Les journalistes Marie-Maude Denis et Louis Lacroix n'auront pas à témoigner dans le cadre du procès Côté-Normandeau et ne seront pas forcés de dévoiler l'identité de leur source, a tranché lundi la Cour du Québec dans un jugement qui risque fort bien de créer un précédent.

La décision du juge André Perreault est en effet la première rendue dans cette matière depuis l'adoption par Ottawa de la Loi sur la protection des sources journalistiques en octobre dernier. 

«C'est quand même la première fois dans l'histoire judiciaire canadienne qu'on applique la Loi fédérale sur la protection des sources. Donc forcément c'est un jugement qui fera oeuvre de précédent», a noté lundi l'avocat des journalistes, Christian Leblanc, ajoutant que la décision était très fouillée avec 230 paragraphes.

Les avocats de Marc-Yvan Côté ont mené dans les dernières semaines une requête pour faire avorter le procès de leur client, de Nathalie Normandeau et de leurs quatre coaccusés. Ils estiment que les nombreuses fuites d'éléments d'enquête dans les médias ont entaché irrémédiablement le droit des accusés à un procès juste et équitable.

Les avocats de la défense ont donc tenté de prouver que les fuites émanaient de l'État. Les nombreux témoins qu'ils ont appelé à la barre n'ont pas permis de découvrir hors de tout doute qui était la source des fuites aux médias. En dernier recours, ils exigeaient que la Cour force les journalistes à cracher le morceau.

Fardeau de la preuve inversé

Le juge André Perreault avait donc à trancher : est-ce que l'intérêt de la justice l'emportait sur l'intérêt du public à préserver la confidentialité des sources journalistiques? Ici, le juge Perreault a clairement penché en faveur de la protection des sources journalistiques.

D'entrée de jeu, le magistrat rappelle dans sa décision l'adoption de la nouvelle loi fédérale. Celle-ci vient inverser le fardeau de la preuve. Avant, il fallait prouver que l'intérêt public à la protection des sources journalistiques l'emportait sur l'intérêt public «à la découverte de la vérité», c'est-à-dire la justice. Depuis octobre dernier, c'est l'inverse.

Les avocats de Côté et consorts devaient donc prouver ce point s'ils voulaient forcer les journalistes à dévoiler leurs sources. Or, ils n'y sont pas parvenus. Ceux-ci ont plutôt plaidé que les nombreux reportages de Marie-Maude Denis à Radio-Canada ne servaient pas l'intérêt public.
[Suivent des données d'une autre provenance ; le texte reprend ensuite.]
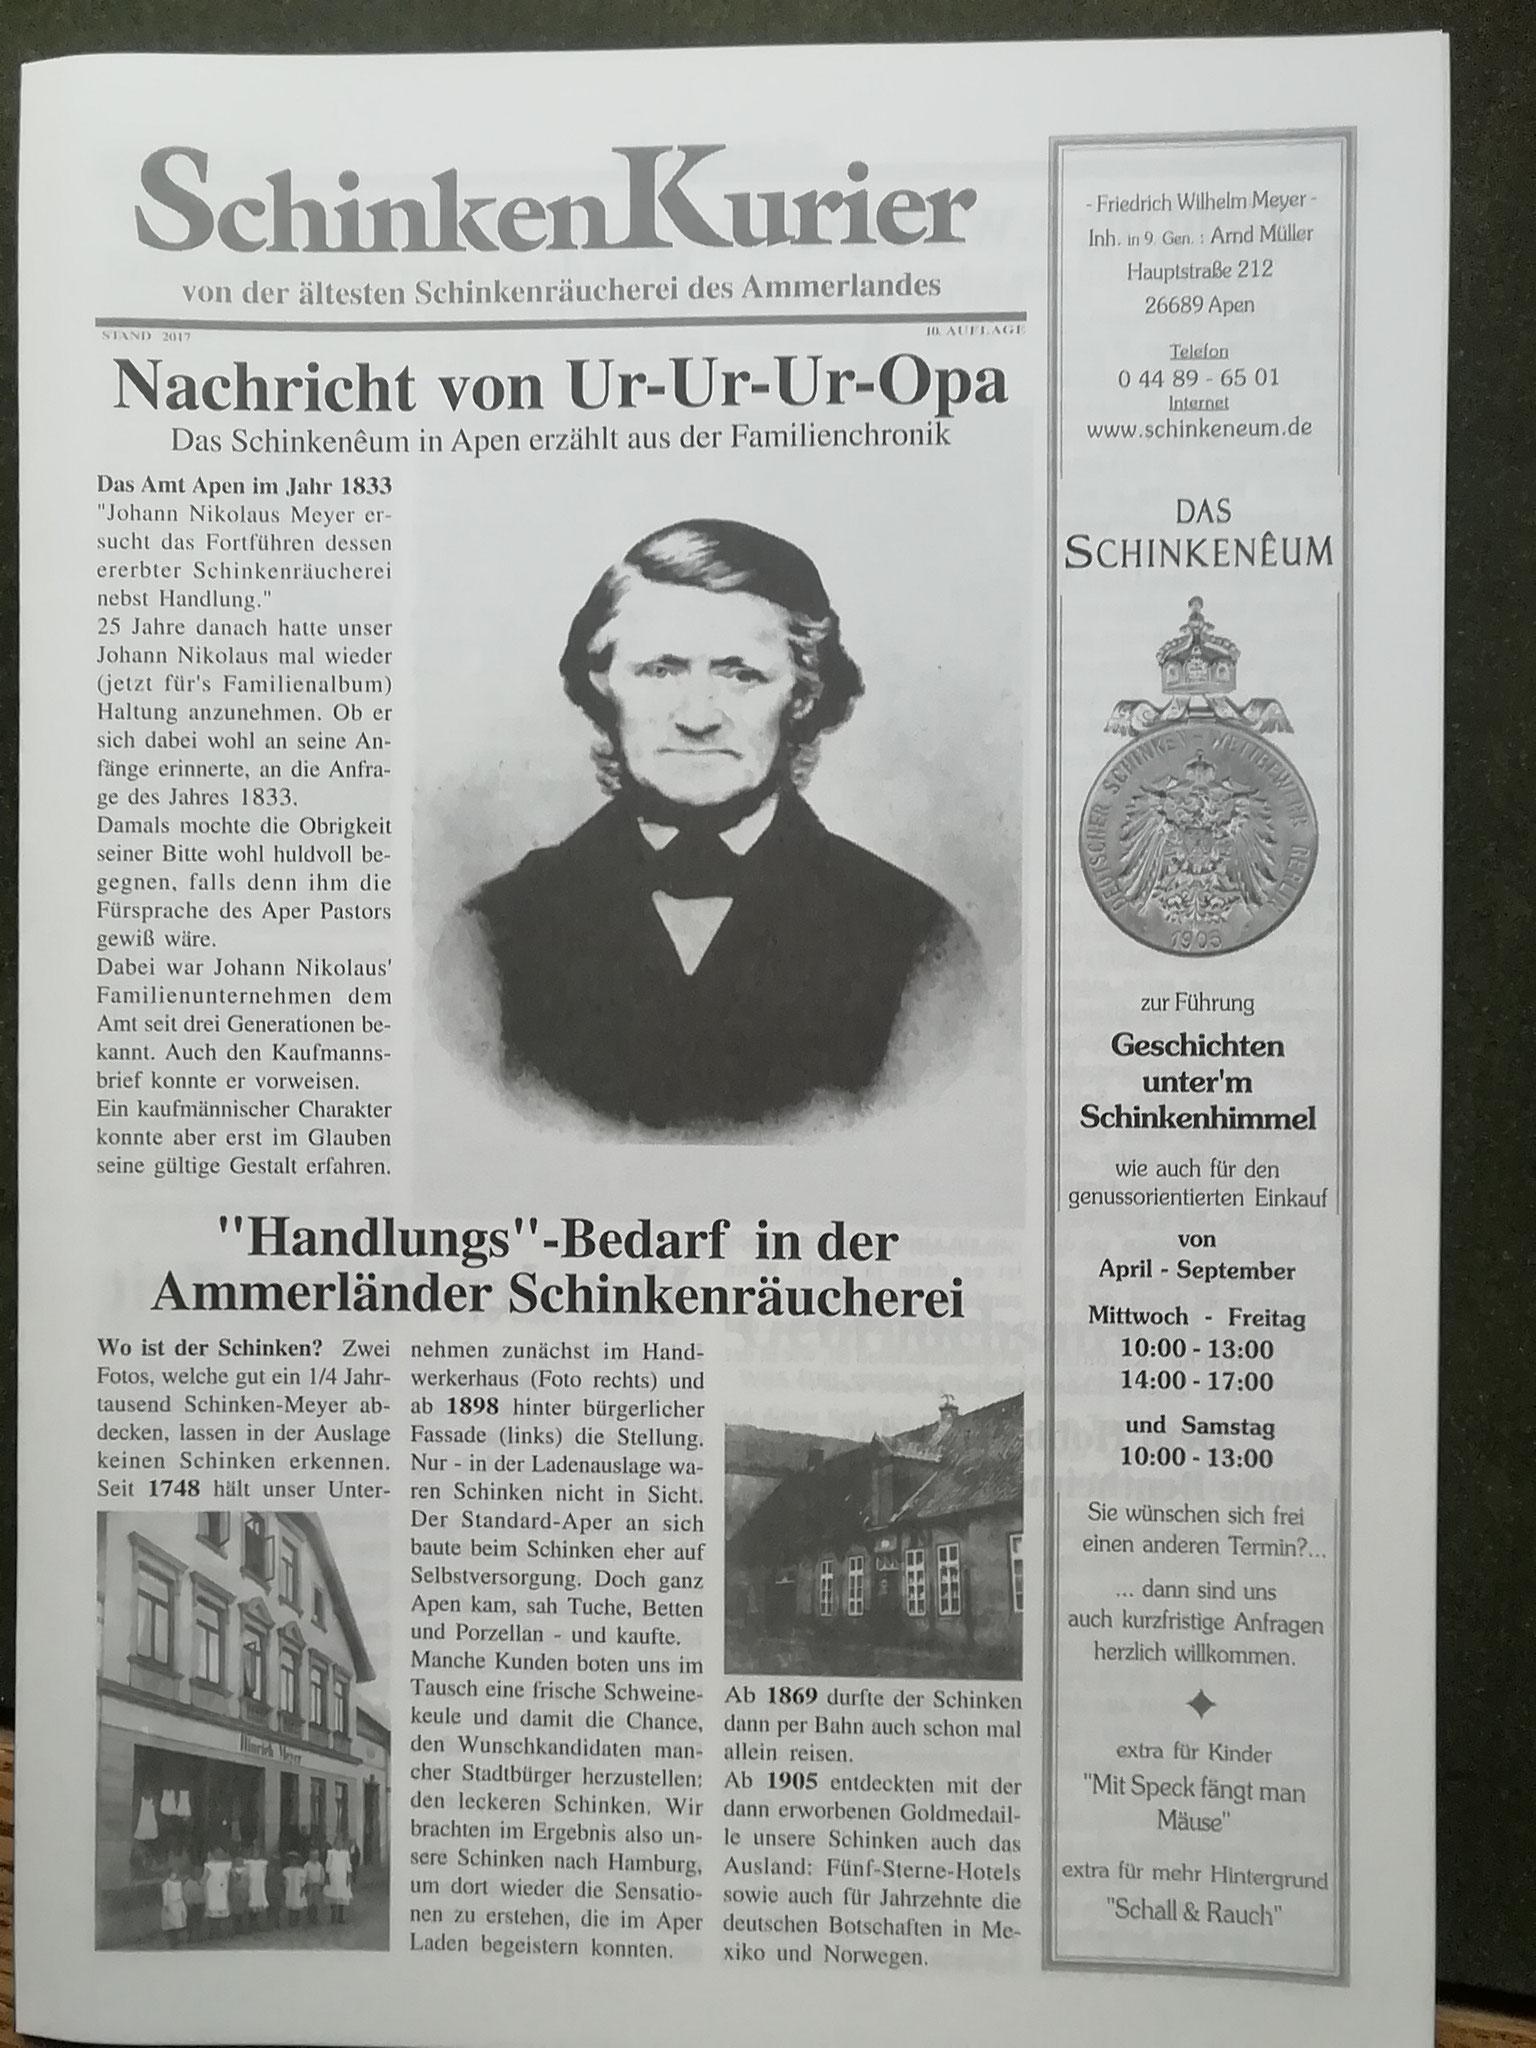 Johann Nikolaus Meyer gründete die Schinkenräucherei - zur Hörstation bitte hier klicken!
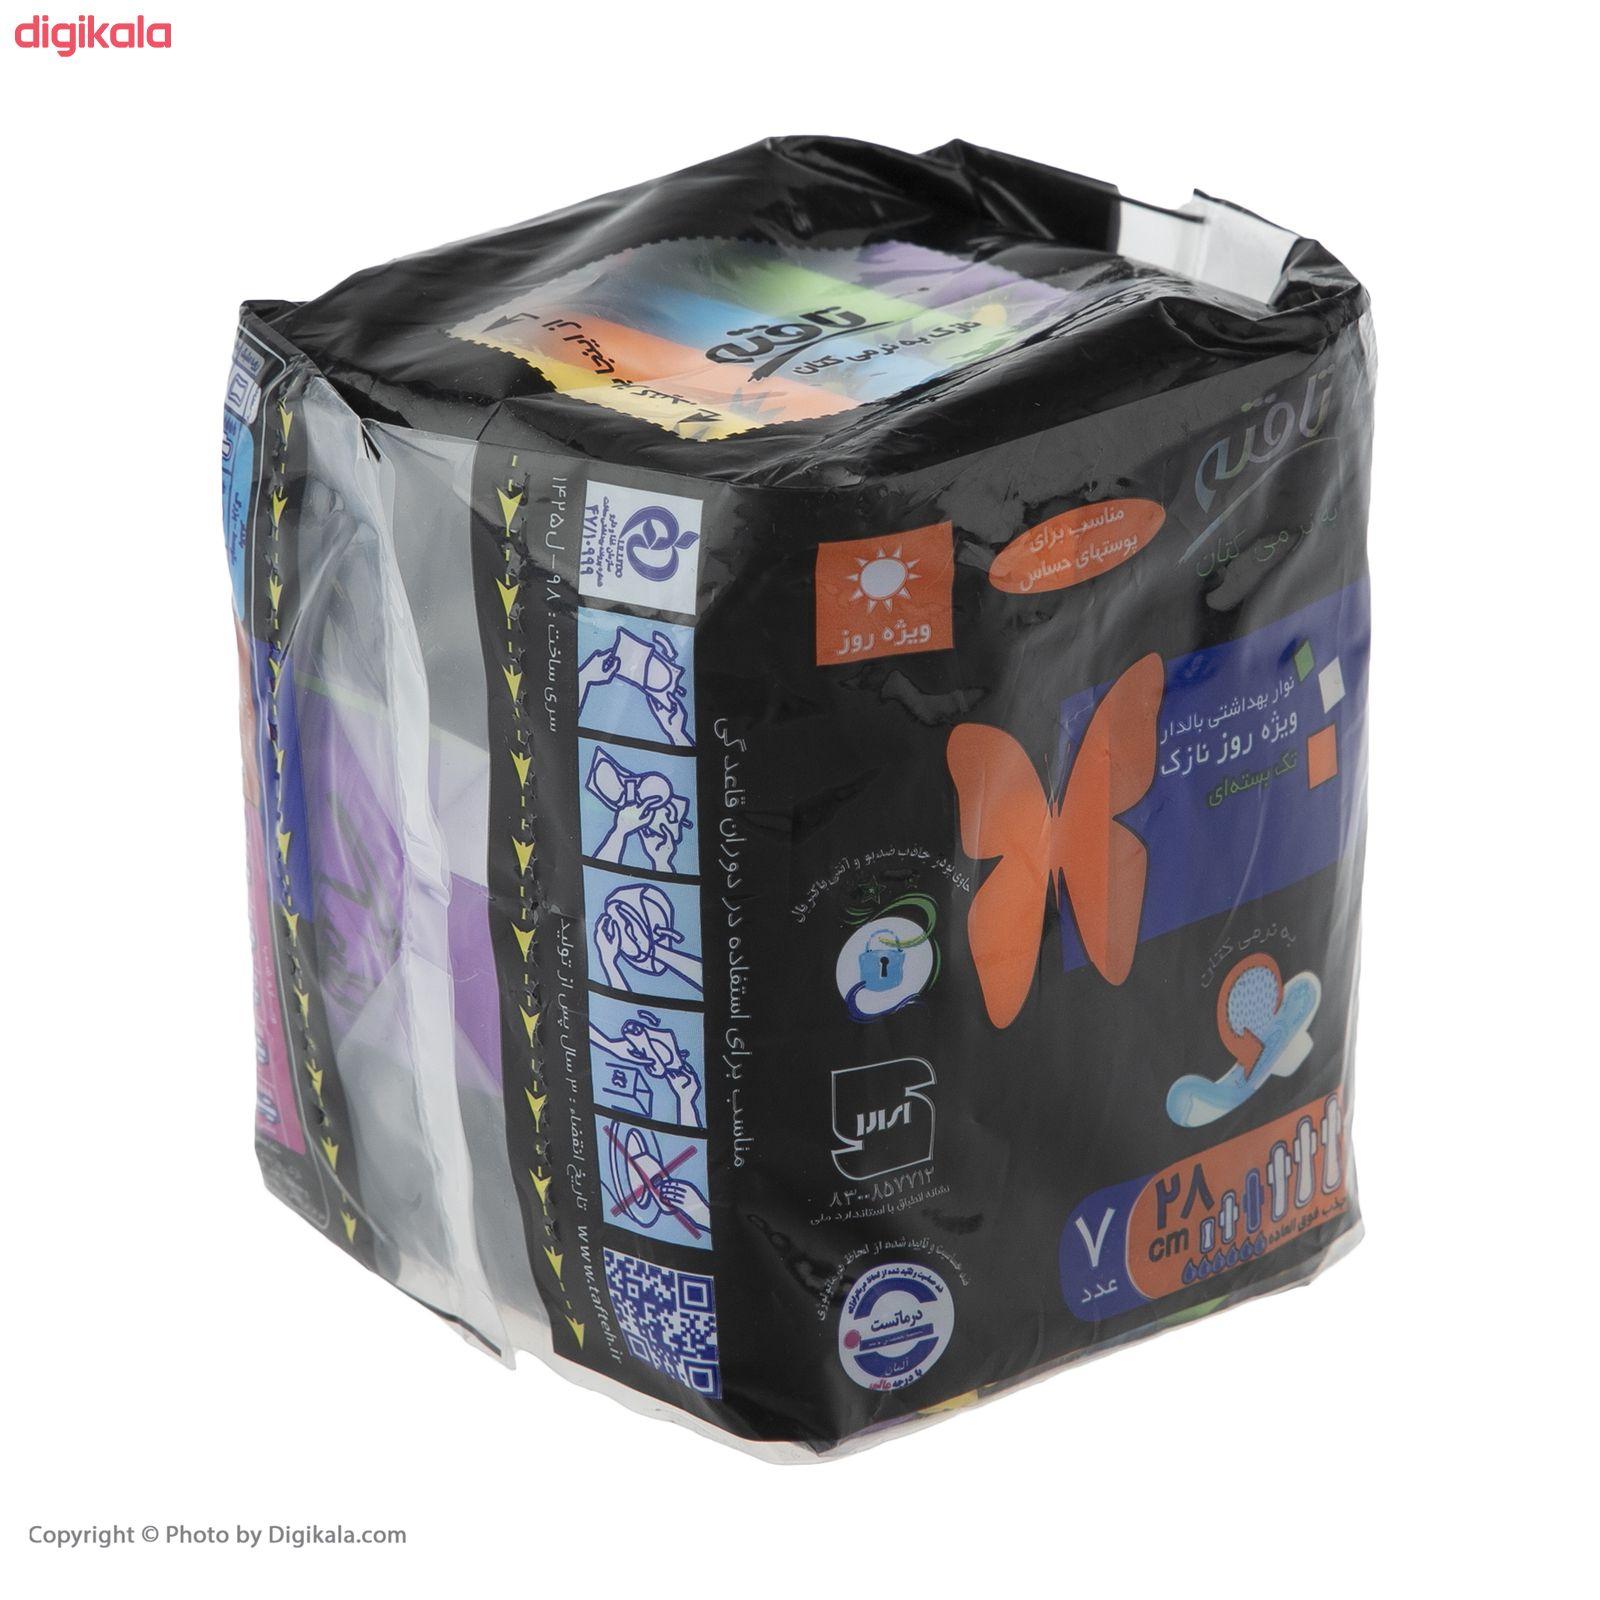 نوار بهداشتی روز تافته مدل Single Pack-2 بسته 7 عددی main 1 1

Le juge Perreault n'a pas adhéré à cette lecture.

«Le public apprenait des informations importantes pour possiblement les aider à se faire une idée sur des sujets généraux d'intérêt public», peut-on lire dans le jugement.

Le juge convient tout de même que les journalistes étaient probablement l'ultime chance d'identifier la fuite, et que cette information aurait été importante dans le cadre de la requête. Mais il établi une distinction importante entre source et fuite.

«Parviendrait-on à identifier les sources qu'il demeure non convainquant que cela nous permettrait de remonter jusqu'aux auteurs du coulage», croit-il.

La Fédération professionnelle des journalistes du Québec (FPJQ) a salué la décision lundi, rappelant que l'inversion du fardeau de la preuve avec la nouvelle Loi protège encore plus les sources journalistiques. «On a travaillé fort pour faire adopter la Loi et on est contents de voir que ça donne des résultats, a expliqué le président de la FPJQ, Stéphane Giroux. Par contre, on n'est pas naïfs et on sait qu'il pourrait y avoir des contestations.»

Les avocats de la défense n'ont pas voulu dire s'il entendent porter la décision en appel. Le juge André Perreault doit maintenant rendre son verdict sur les deux requêtes en arrêt des procédures : celle sur les fuites journalistiques et celle sur l'arrêt Jordan.